▶ Your objective
I'd ask you to write out the lines below exactly, with no images.

▶ Collected data
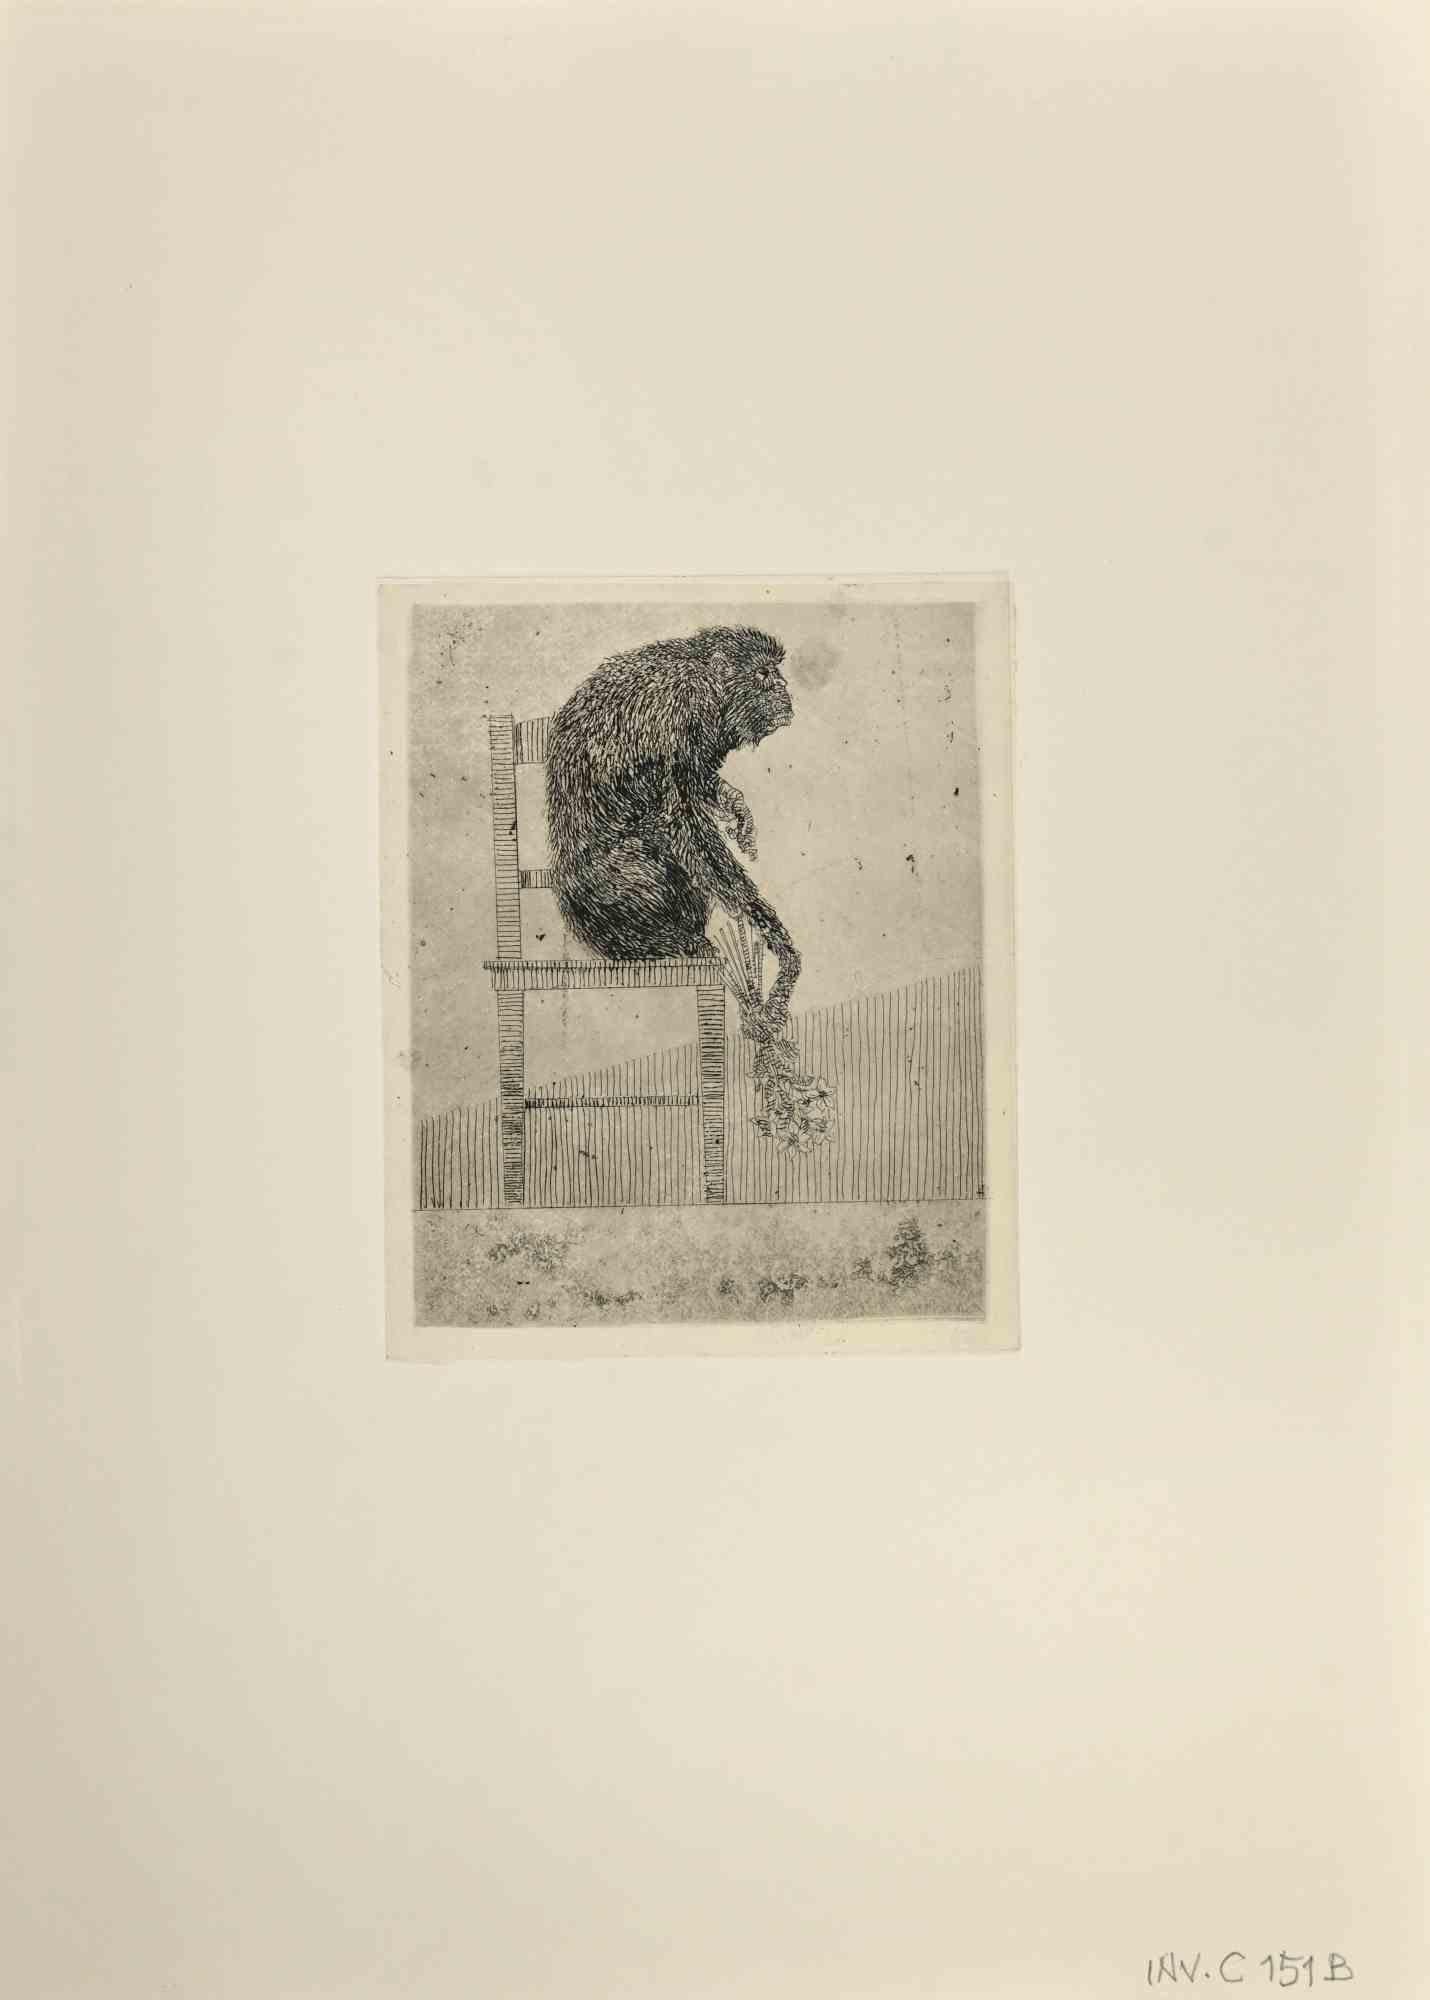 Monkey ist ein Kunstwerk des zeitgenössischen italienischen Künstlers  Leo Guida (1992 - 2017) in den 1970er Jahren.

Original-Radierung in Schwarz-Weiß auf Papier.

Gute Bedingungen.

Leo Guida  (1992 - 2017). Mit seinem Gespür für aktuelle Themen,

▶ Finished task
 Monkey ist ein Kunstwerk des zeitgenössischen italienischen Künstlers  Leo Guida (1992 - 2017) in den 1970er Jahren.

Original-Radierung in Schwarz-Weiß auf Papier.

Gute Bedingungen.

Leo Guida  (1992 - 2017). Mit seinem Gespür für aktuelle Themen,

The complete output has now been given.